Ronnie O'Sullivan se hisse en finale d'un tournoi majeur pour la première fois en deux ans après un dénouement haletant
The Rocket refuse de s'éteindre
À 50 ans, la plupart des gens pensent à lever le pied. Ronnie O'Sullivan, fidèle à lui-même, a d'autres projets.

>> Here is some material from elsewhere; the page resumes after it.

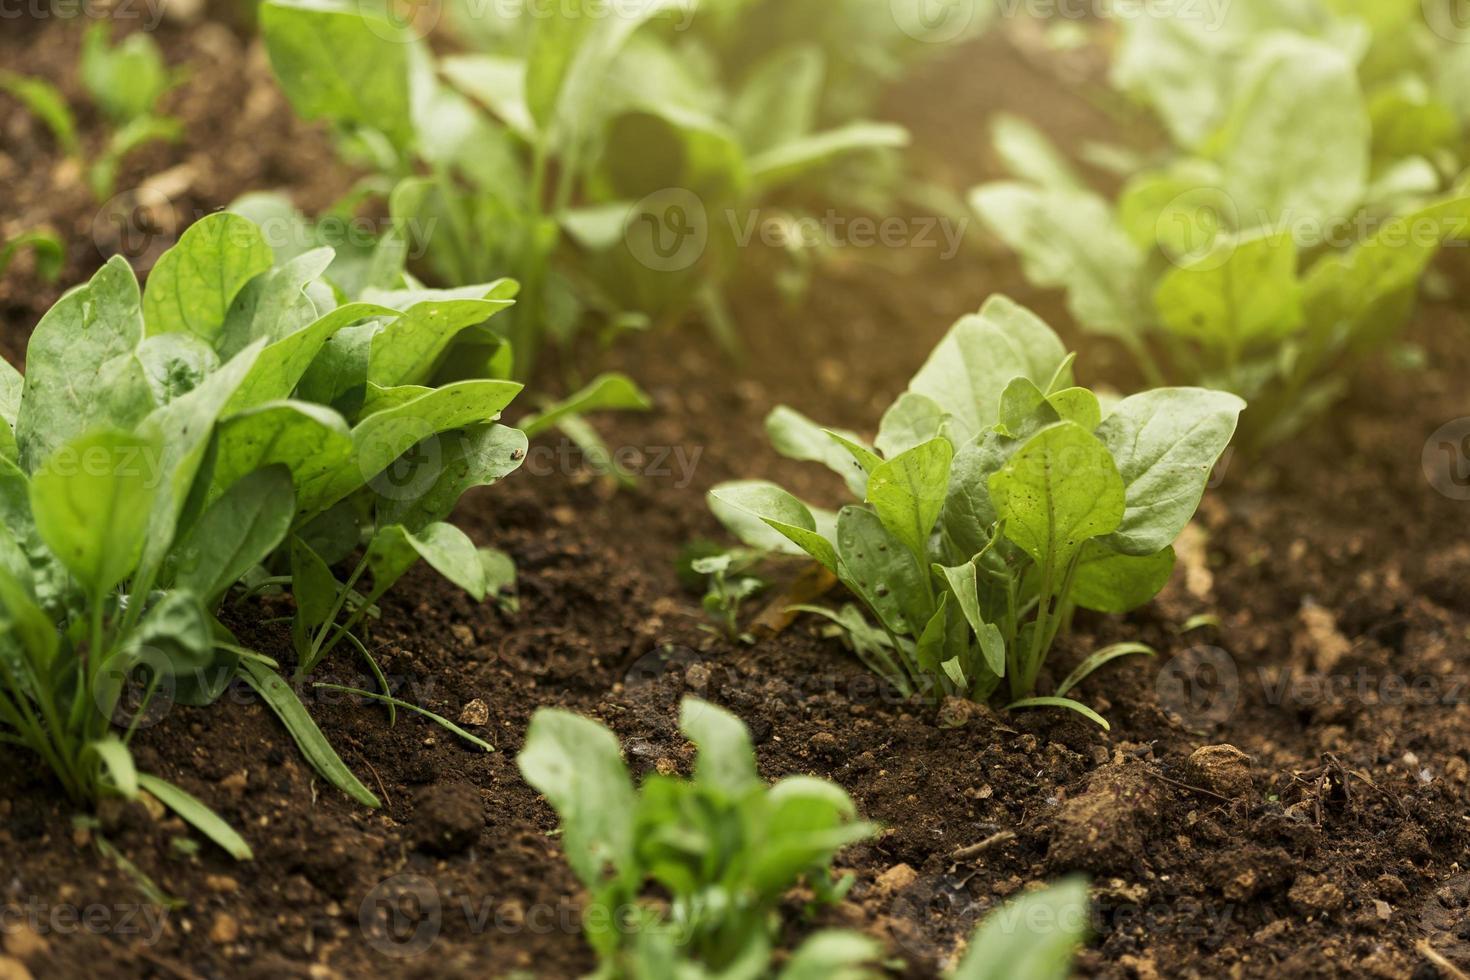 Hochwinkelpflanzen mit grünen Blättern foto

Le septuple champion du monde s'est frayé un chemin jusqu'à la finale du World Open à Yushan, en Chine, en battant Wu Yize 6-5 lors d'une demi-finale qui n'avait rien d'une formalité.

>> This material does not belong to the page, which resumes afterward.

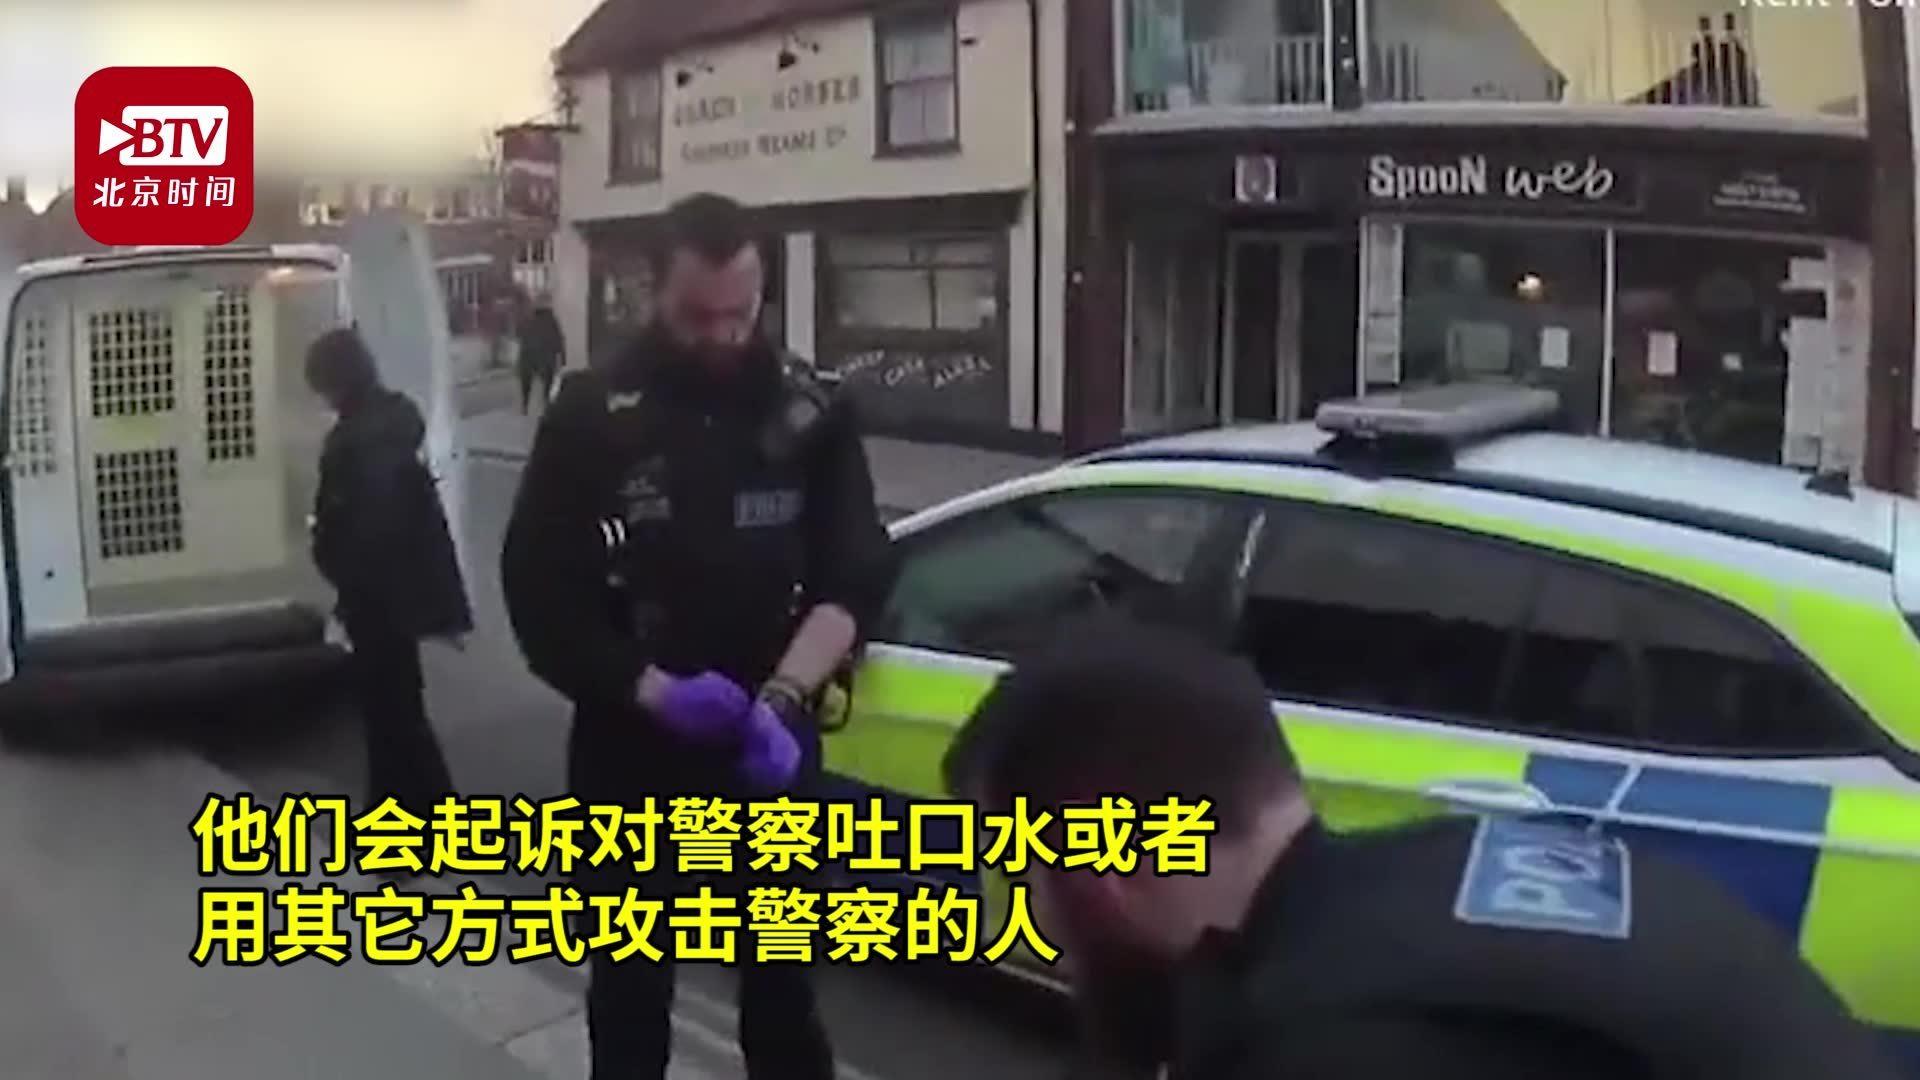 男子偷肉被捕后笑着往警察身上吐口水  结果被套塑料袋带走

Il s'agit de la première finale de tournoi majeur pour O'Sullivan depuis qu'il a soulevé le trophée du World Grand Prix en janvier 2024, en battant Judd Trump 10-7. Cela représente environ 26 mois sans apparition en finale, ce qui, selon ses standards incroyables, compte pratiquement comme une année sabbatique.
Une manche décisive mémorable
La demi-finale était tout sauf une promenade de santé. Wu Yize, à son grand crédit, a poussé O'Sullivan dans ses derniers retranchements. Le jeune joueur chinois a réalisé des breaks de 77, 86 et un superbe 134 pour rester fermement dans la course tout au long du match.
O'Sullivan a répliqué avec des séries de 86, 78, 97 et 118, mais c'est la manche décisive qui a vraiment montré pourquoi il reste incontournable. Mené 43-0 et dos au mur, il a réussi un dégagement de 89 pour arracher la victoire. Quelle audace. Quarante et un titres majeurs et plus de 1 320 centuries en carrière, et pourtant il trouve encore de nouveaux moyens de nous surprendre.
Le 153 historique
Aussi spectaculaire que fut la demi-finale, ce n'est sans doute pas l'exploit le plus remarquable d'O'Sullivan cette semaine. En quarts de finale, il a démoli Ryan Day 5-0 et, avec une facilité déconcertante, a réalisé un break de 153, le plus élevé de l'histoire du snooker professionnel.
Pour mettre cela en contexte : le record précédent était le 148 de Jamie Burnett, établi lors des qualifications du championnat du Royaume-Uni en 2004. O'Sullivan ne s'est pas contenté de le dépasser ; il l'a pulvérisé de cinq points.
Le break a été rendu possible grâce à la règle de la bille libre. O'Sullivan a désigné la verte comme une rouge supplémentaire, l'a empochée pour un point, suivi de la noire pour sept. À partir de là, il a nettoyé les 15 rouges (avec 13 noires et deux roses) avant d'empocher les six billes de couleur. Le calcul donne un total de 153. Pour un homme qui détient déjà 17 breaks maximum de 147, chercher à aller encore plus haut semble presque gourmand.
La suite des événements
La finale de dimanche oppose O'Sullivan à Thepchaiya Un-Nooh dans un match au meilleur des 19 manches, avec 175 000 £ à la clé pour le vainqueur. Un-Nooh a gagné sa place en battant le numéro un mondial Judd Trump 6-4 dans l'autre demi-finale, un résultat qui a surpris plus d'un observateur.
Le joueur thaïlandais, âgé de 40 ans, est un habitué du snooker rapide et offensif, cette finale pourrait donc être vraiment divertissante. Reste à savoir s'il pourra maintenir cette approche sur 19 manches face à un O'Sullivan plus tenace que jamais.
Pourquoi c'est important
La saison 2025/26 d'O'Sullivan n'a pas été la meilleure. Une qualification pour une finale à ce stade, surtout avec le Championnat du monde qui approche en avril, suggère que le timing est idéal. Un 42e titre majeur étendrait encore son propre record vers des sommets que personne d'autre ne semble prêt à atteindre.
Le World Open est l'avant-dernier tournoi majeur de la saison, et pour O'Sullivan, il semble que la forme arrive pile au bon moment. Que ce soit calculé ou fortuit, seul lui le sait. Quoi qu'il en soit, dimanche devrait valoir le détour sur TNT Sports ou Discovery+.